Preface — before entering the Principia
Contents
Before we lay out the "four axioms," we need to agree on a few things first: what an axiom is, what a definition is, and how the "three-layer structure" of geometry is put together; and how that set of rules has travelled — from Euclid more than two thousand years ago, through Hilbert's repairs, all the way to the Birkhoff system we use today.
1. Why start from "axioms"?
You have probably seen a sentence like this in your middle-school math textbook: "Two points determine a line." From there the textbook just runs off — using it to prove triangle congruence, the Pythagorean theorem, on and on.
But the moment you stop and ask seriously, you bump into a question that gets quietly skipped over again and again — this sentence "two points determine a line," what is it based on? Why is it allowed, without proof, to be the starting point of all of geometry?
And the questioning can keep going: What is a "point"? What is a "line"? What does "determine" mean? Why "two" points and not three or four? You'll find that this piece of common sense, which slips off the tongue so easily, has not a single word that holds up under scrutiny.
You flip back a few pages looking for an answer. The textbook will try to say something — draw a picture, give an example, add a few intuitive descriptions. But follow each explanation one step further, and you'll always run into the same word — "obviously."
But the word "obviously" is exactly geometry's most dangerous trap. For two thousand years humanity has tripped on it, again and again. What this Principia of Geometry sets out to do is to refuse every "obviously," and honestly derive every theorem from the few sentences at the very bottom.
So those "few sentences at the very bottom" — where do we start?
Let's trace theorems backwards.
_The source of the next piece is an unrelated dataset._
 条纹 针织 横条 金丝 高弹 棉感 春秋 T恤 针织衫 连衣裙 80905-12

Try this:
- the "Pythagorean theorem" can be proved from "triangle similarity";
- "triangle similarity" can be proved from "triangle congruence";
- "triangle congruence" rests in turn on more basic facts like "segment length" and "angle measure"…
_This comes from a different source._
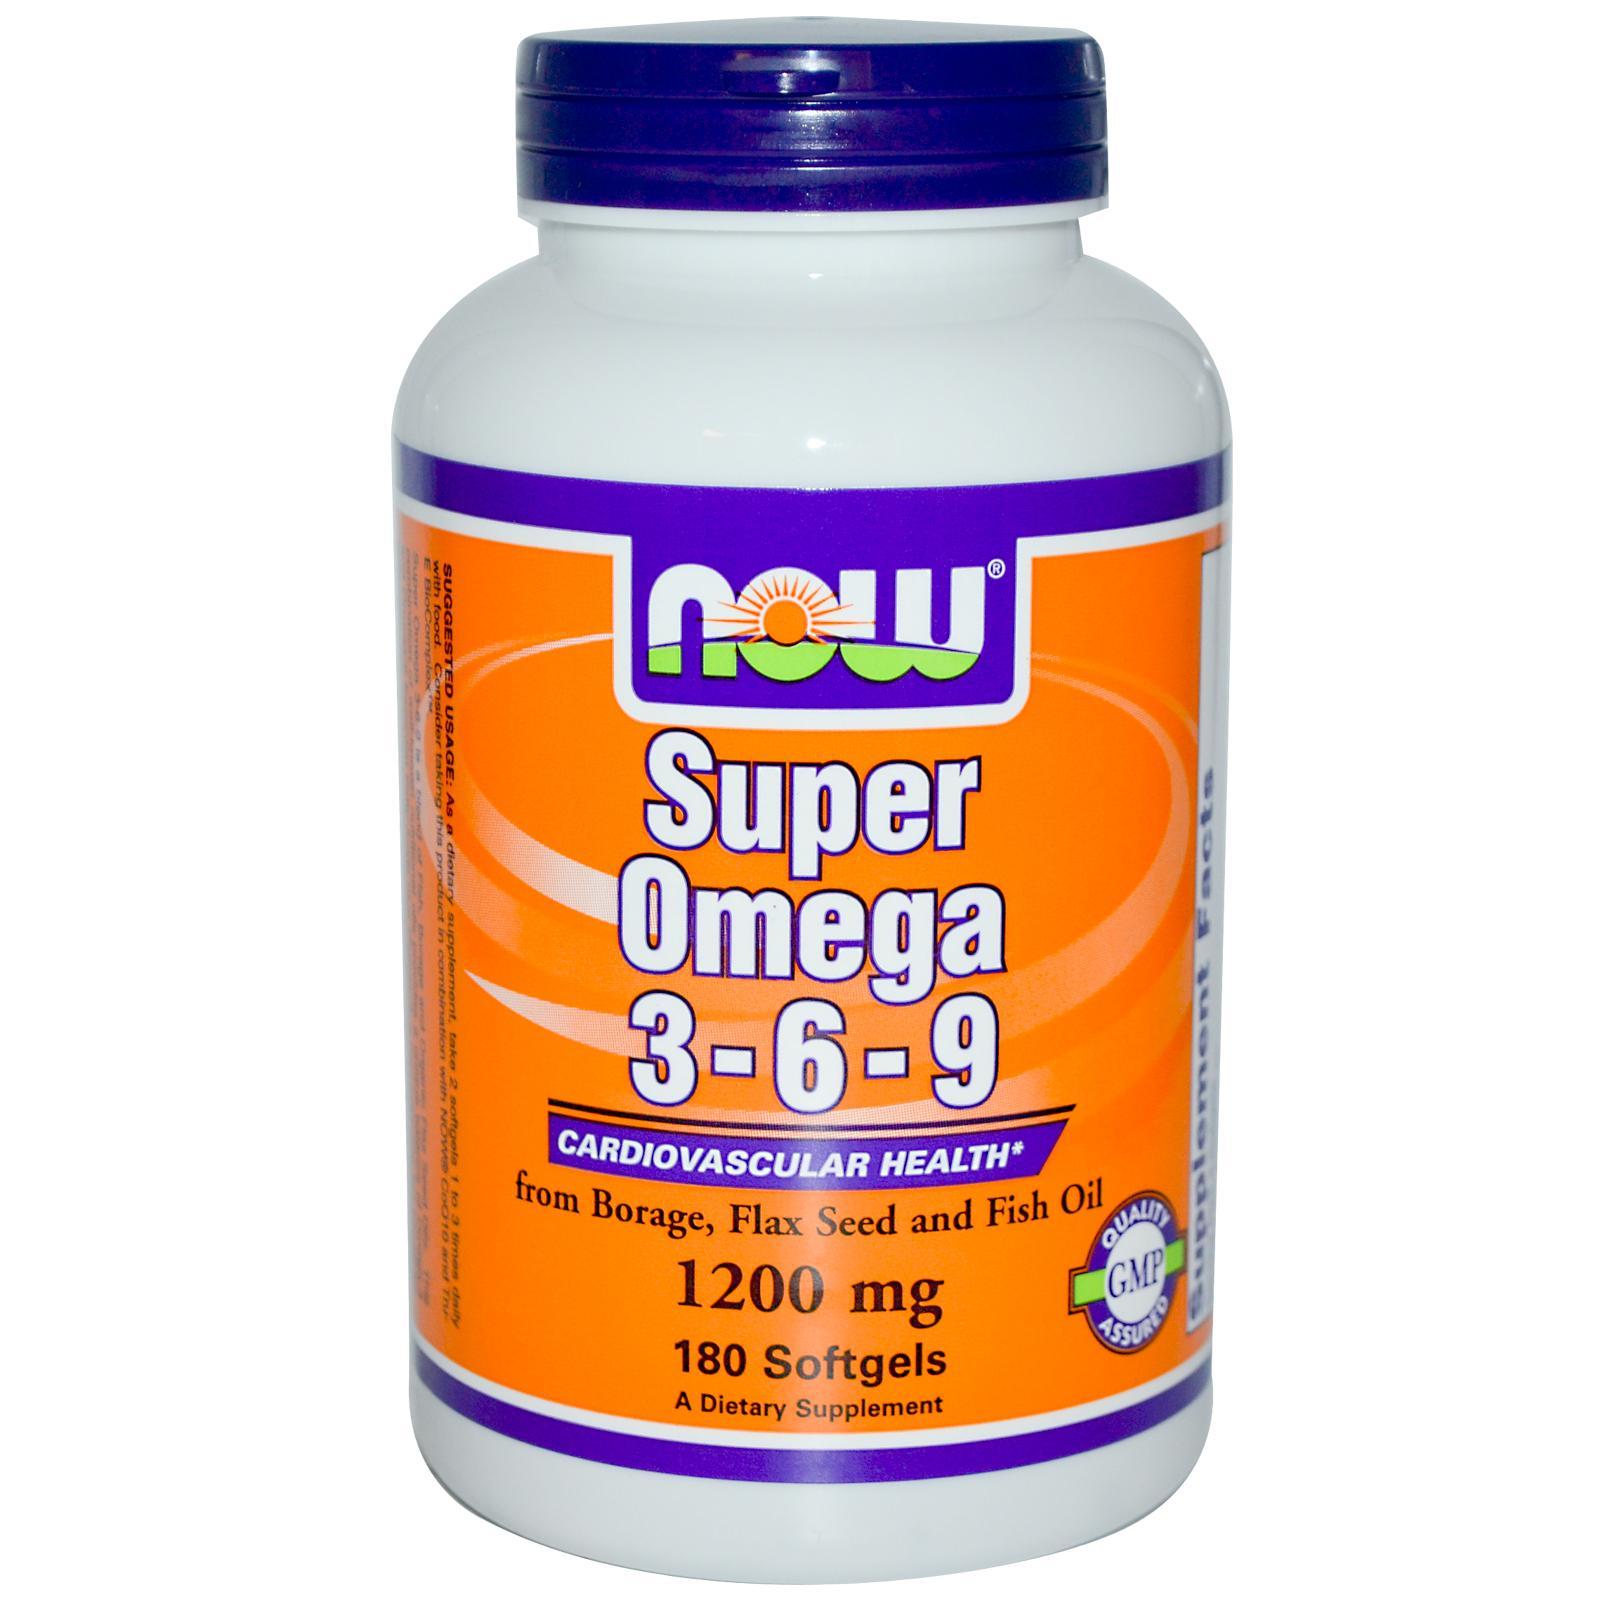 NOW FOOD Super Omega 3, 6, 9 là sự kết hợp hoàn hảo cân bằng, độc đáo giữa Omega-3, 6, 9, giúp duy trì sức khỏe tim mạch

At each step, the premise is simpler than the conclusion. This is a process of stepping backwards, level by level.
But — can this regress go on forever?
It cannot.
If "theorem A relies on theorem B," "B relies on C," "C relies on D"… and you keep chasing, then either one day you loop back and run into A itself (circular reasoning, which proves nothing), or the chain has to stop somewhere — stop at sentences we no longer try to prove, but accept directly as the starting point.
These "sentences that can no longer be pushed back, that must be taken as the starting point" are what we call "axioms."
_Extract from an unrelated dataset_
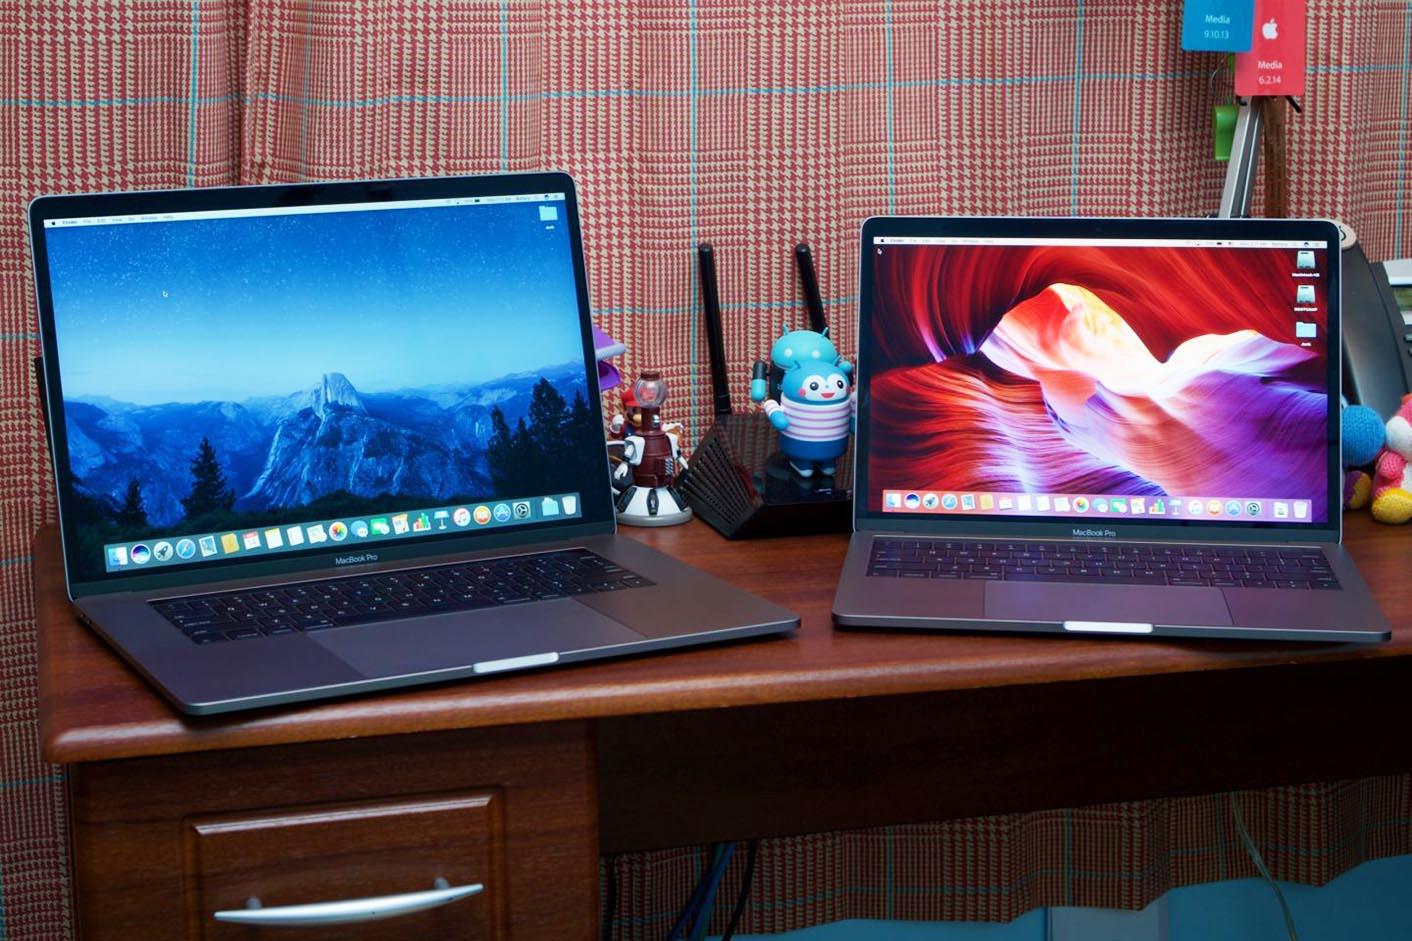 MacBook Pro 2016 design

This is actually a very general way of thinking — it is called first principles: any complex truth must, in the end, be reduced to a few of the most basic starting points that cannot be questioned any further. Physicists use it to look for the fundamental laws of the universe; chemists use it to look for the smallest elements; and geometry is the field where humans first pushed this idea to its limit.
But there's a second wall: words
Axioms only solve half the problem — "which propositions we no longer prove." But look back: what we were questioning wasn't just propositions, it was words too:
"What is a 'point'? What is a 'line'? What does 'determine' mean?"
Words have to be chased to the bottom too.
Try defining a simple notion — circle. In ordinary language you might say "a circle is something that is round" — that is a tautology. In geometry we hand "circle" a precise name tag: all points at equal distance from a fixed point. That name tag works like a fence: even a hair's difference in distance and you're outside. This is what a definition is — to "carve" a concept out of more basic ones.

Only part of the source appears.